There are ways to manage the symptoms of PCOS including reducing stress, eating right, losing weight, and birth control pills to regularise periods. Femoai spoke to Dr. Anuradha Sharma, a Delhi-based gynaecologist about PCOS, its causes, and the role of stress and diet in PCOS, infertility, and what can women do about it. Here are edited excerpts:
What is PCOS?
It is a condition wherein your ovaries will have too many follicles (can be seen in an ultrasound) which are filled with fluid; these follicles contain eggs but the brain does not signal any of these to ovulate. It is a complex endocrine disorder with wide ranging clinical signs and symptoms. PCOS patients often come to doctors with symptoms of hyperandrogenism (high levels of androgens, male hormone, in females) like acne, hair growth, excess hair on body and face.

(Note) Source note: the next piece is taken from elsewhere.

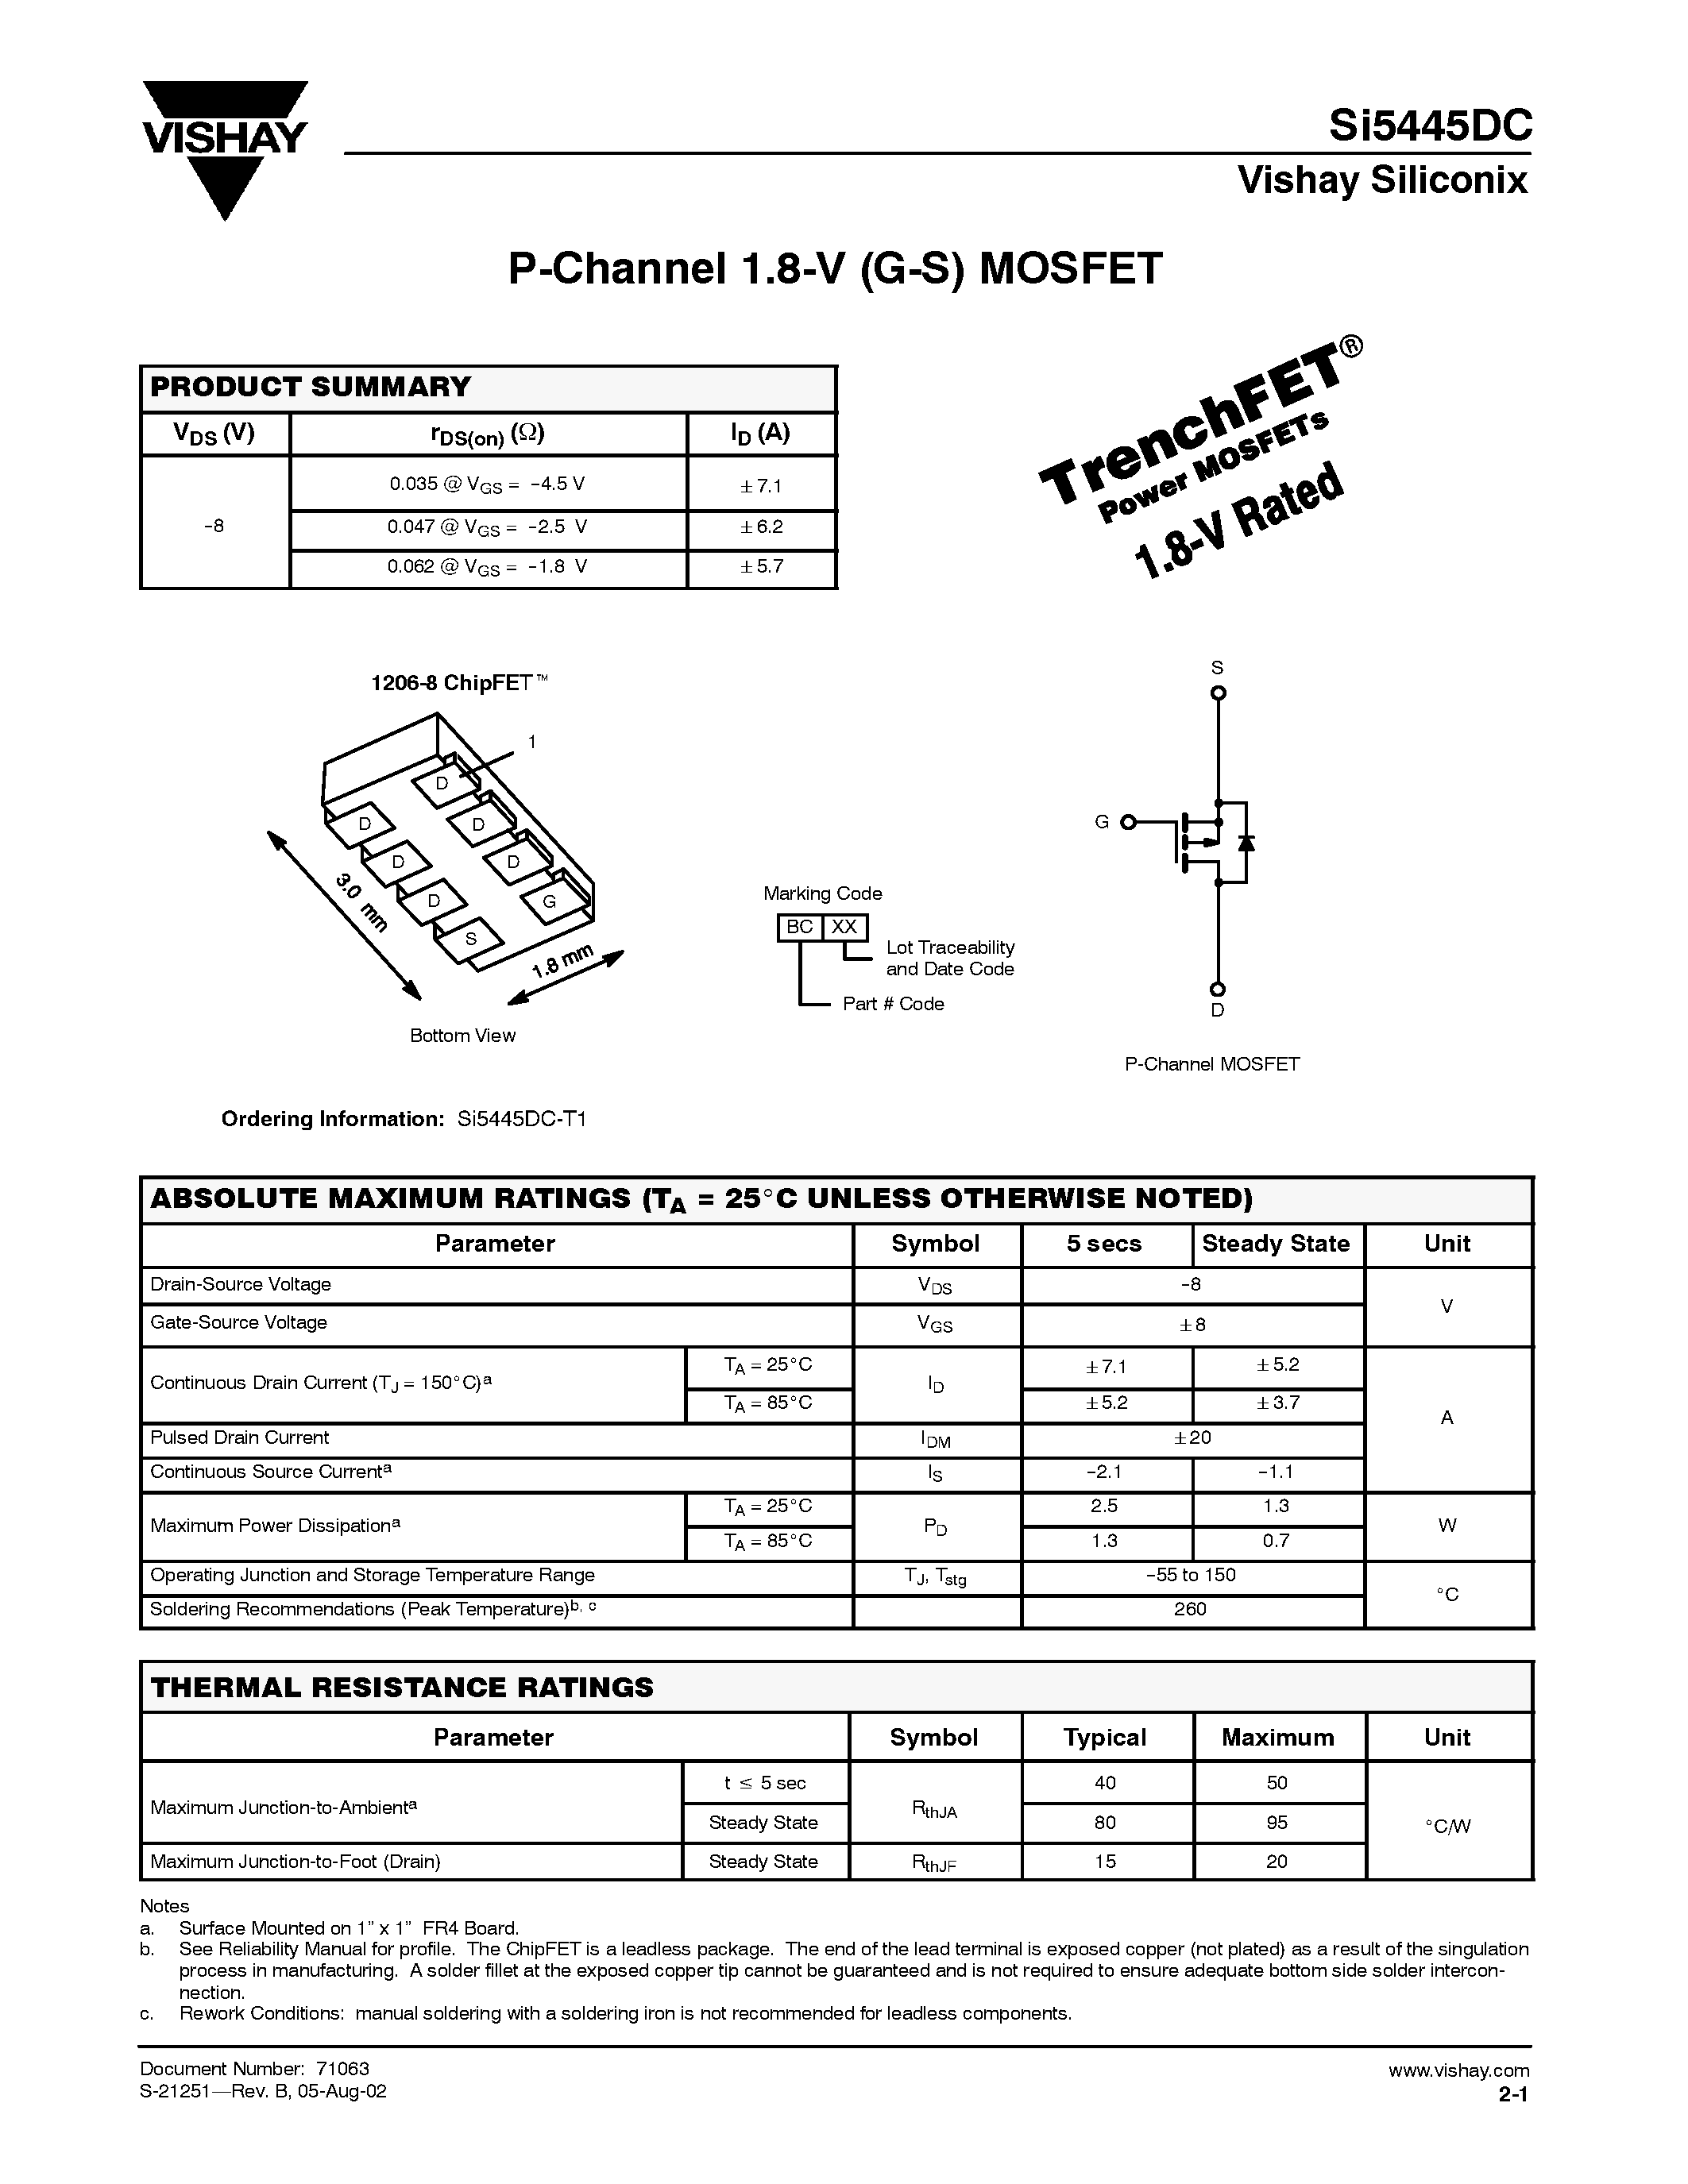 Datasheet SI5445DC-T1 - P-Channel 1.8-V (G-S) MOSFET page 1

In India, PCOS is very common, it is especially seen more in urban setups. I wouldn’t, however, be able to comment on the rural sector. Polycystic basically is a metabolic disorder; a syndrome where you can experience irregular periods, infertility, hair growth, acne, obesity, high lipid, high glucose. These are all the things that contribute to it being a syndrome. What happens is that because the eggs are not ovulating, there is a disbalance between the female and the male hormone in a woman’s body. Normally, estrogen is on the higher levels in women, but here the testosterone also takes over (Testosterone is the primary male sex hormone; women produce a small amount of it in the ovaries and adrenal glands). The balance is disturbed and therefore there is acne, irregular periods, and hair growth etc.
What are some of the factors that cause PCOS?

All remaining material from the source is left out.